Çavuşoğlu, uluslararası toplumun da bu konuda destek vermesi gerektiğini belirterek, şöyle devam etti:
“Bu saldırganlık devam ederse milyonlarca insan yerinden edilmiş olacak ve kapıya dayanacak. O zaman ne biz bunun üstesinden ne biz ne de Batı bunun üstesinden gelebilir. Biz de zaten 4 milyondan fazla mülteci var. Berlin Konferansı’nda da bunun yaratacağı ilave zorlukları da anlattık. Burada yapılması gereken tek şey bu saldırganlığın durdurulması. O zaman ne yapabiliriz, bunu Ruslarla da görüştük. Bu insanların koridorlar açılarak kendi yaşadıkları şehirlere dönmesini sağlayabiliriz İdlib için.”

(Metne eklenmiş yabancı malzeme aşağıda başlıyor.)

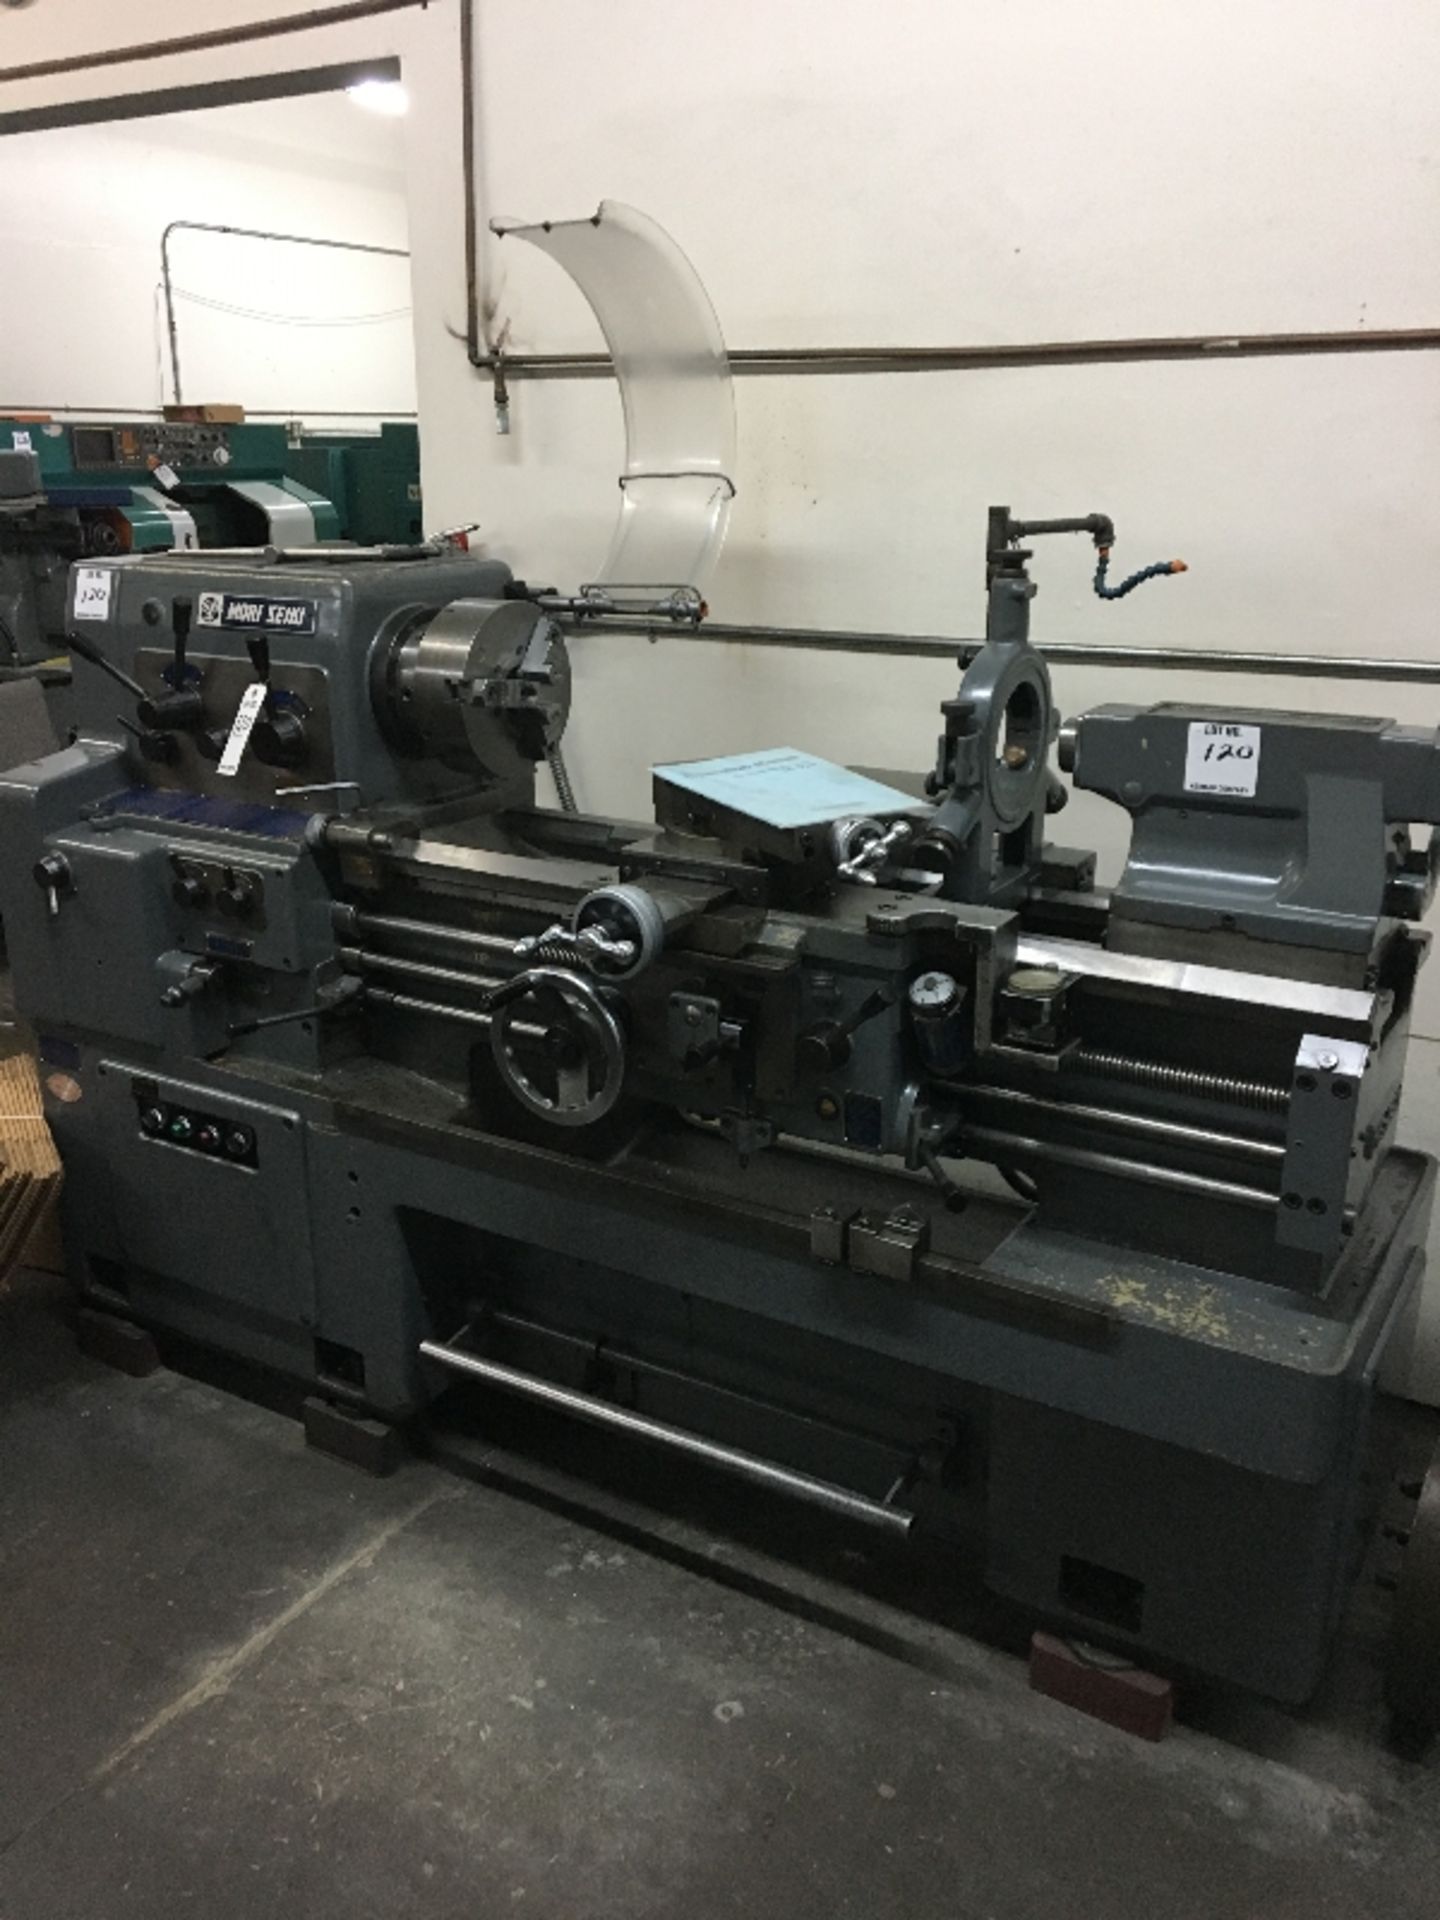 MORI SEIKI MS-850 LATHE - 32-1,800 RPM VARIABLE SPEED, STEADY REST, TAIL STOCK, 10'' 3 JAW CHUCK,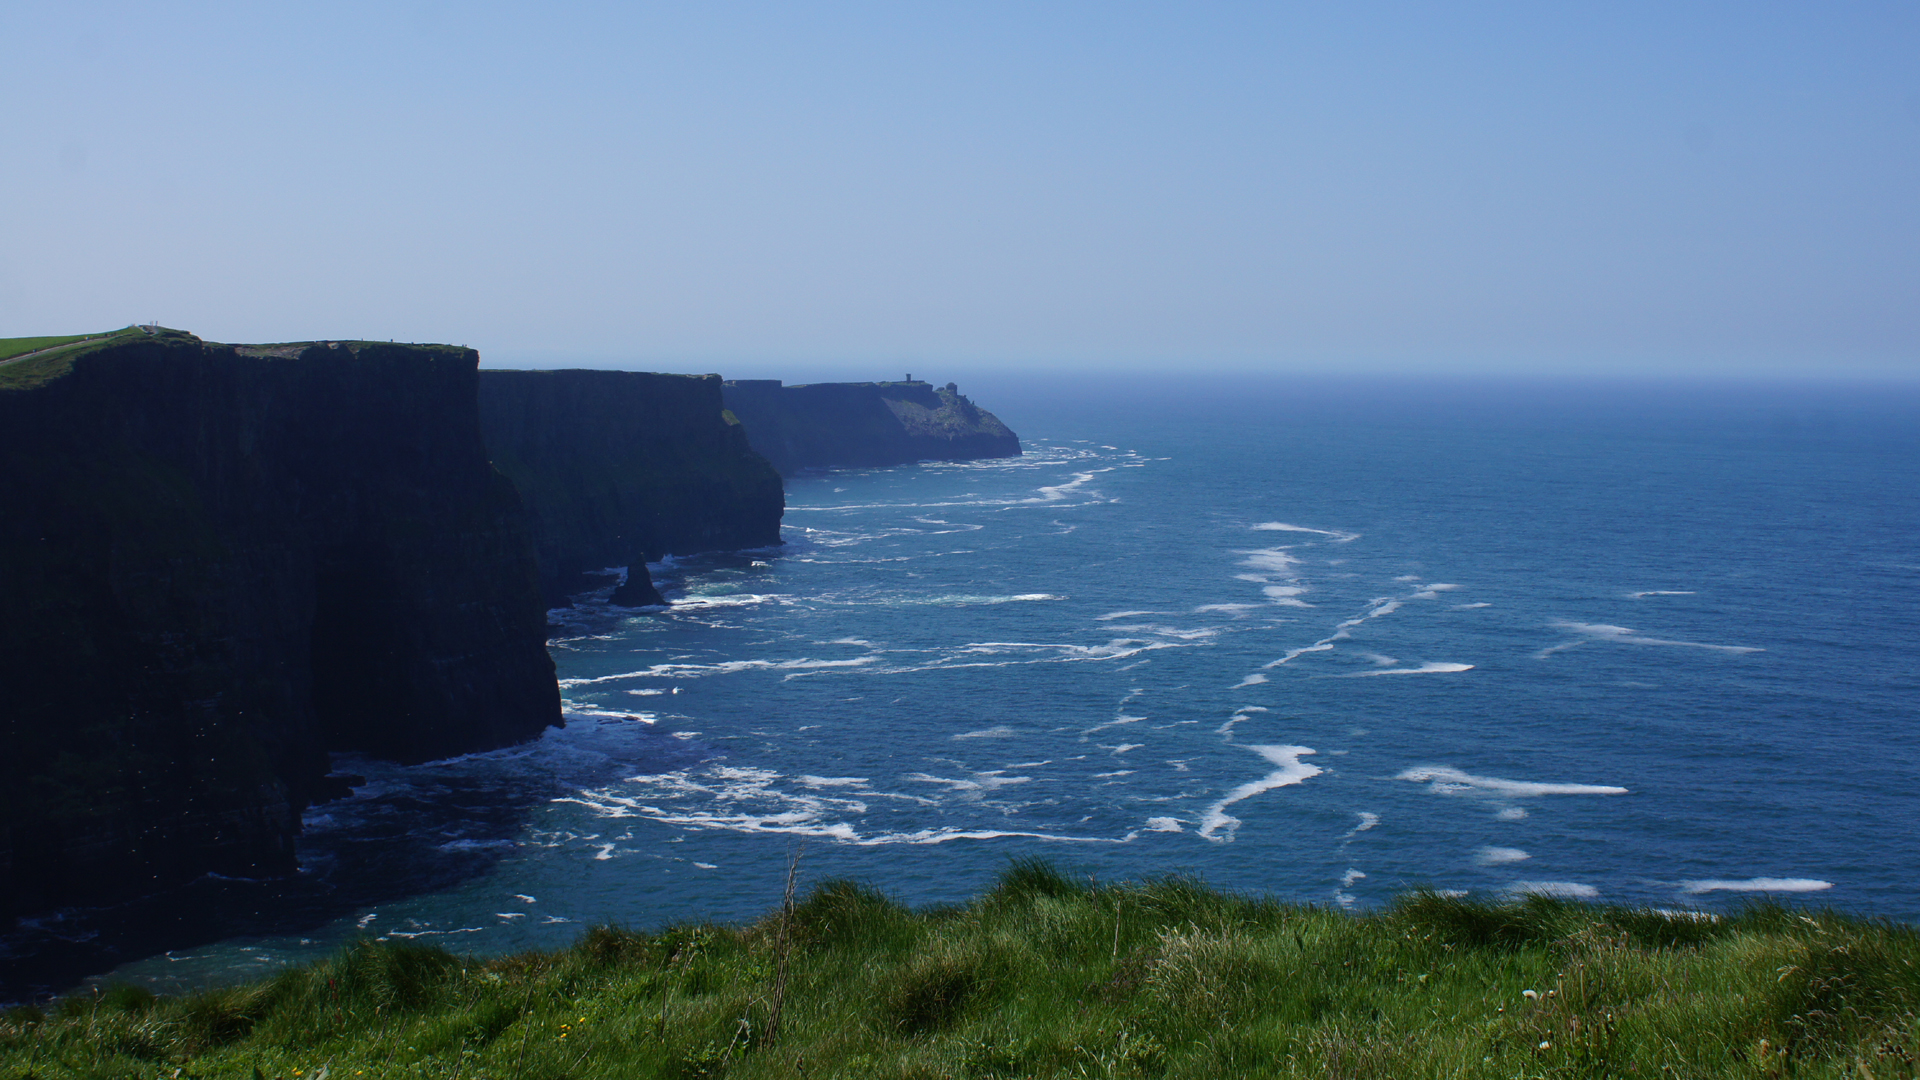 Irland 01: Cliffs of Moher

Türkiye’nin, Doğu Akdeniz’de iki alanda sondaj çalışmalarına devam ettiğini belirten Çavuşoğlu, bunlardan ilkinin, Türkiye’nin kıta sahanlığı içindeki parseller olduğuna dikkati çekerek, “Bunlar Rum kesiminin ruhsat verdiği ya da parsellediği yerlerle de çakışıyor, 7. parsel dahil.” dedi.
Çavuşoğlu, kendi kıta sahanlığı içindeki yerleri Türkiye’nin tartışmaya bile açmadığını söyleyerek, “Diğer taraftan, Rum Kesimi dahil, hiç kimse Kıbrıs etrafındaki hidrokarbon zenginliklerinde Kıbrıs Türk halkının da hakkının olduğunu inkar edemiyor. Bu bir gerçek.” diye konuştu.
Türk tarafının arzusunun, bir anlaşmayla Kıbrıs Türk halkının ve KKTC’nin de haklarının garanti altına alınması, ondan sonra sondaj faaliyetlerinin devam ettirilmesi olduğunu ancak Rum kesiminin AB’nin şımartmasıyla buna yanaşmadığını ve tek taraflı sondaj faaliyetlerini sürdürdüğünü dile getiren Çavuşoğlu, şunları kaydetti:
“Biz de ikinci gemimizi KKTC’nin Türkiye Petrolleri Anonim Ortaklığı’na ruhsat verdiği alanlarda sondaj yapmak üzere gönderdik. Şimdi Karpaz’ın güneyinde yaptığı sondaj çalışmalarını tamamlayarak 8. parsele doğru gitti ki buralar KKTC’nin ruhsat verdiği alanlar. Burada esasen yapılması gereken şey, ortak bir anlaşma ve mutabakat. O zaman herkes kazanacak. Türkiye ile iş birliğinden Rum kesimi de karlı çıkacak. Buradaki hidrokarbon zenginliklerin uluslararası piyasalara gideceği tek rota Türkiye’dir. Onun dışındaki hiçbir proje ya da anlaşma, EastMed dedikleri proje sadece siyasi bir hamledir ve bunun gerçekleşmesi de mümkün değil.”
Çavuşoğlu, Türkiye’nin, kendi kıta sahanlığında İtalya ve diğer ülkelerle ortak çalışmalarının da olabileceğini belirterek, “Biz, Rum kesimi hariç tüm taraflarla bu bölgede iş birliğine hazırız ama KKTC halkının ve Türkiye’nin haklarını da kimseye yedirmeyiz. Sahada ve masada gerekeni yapmaya devam edeceğiz.” ifadelerini kullandı.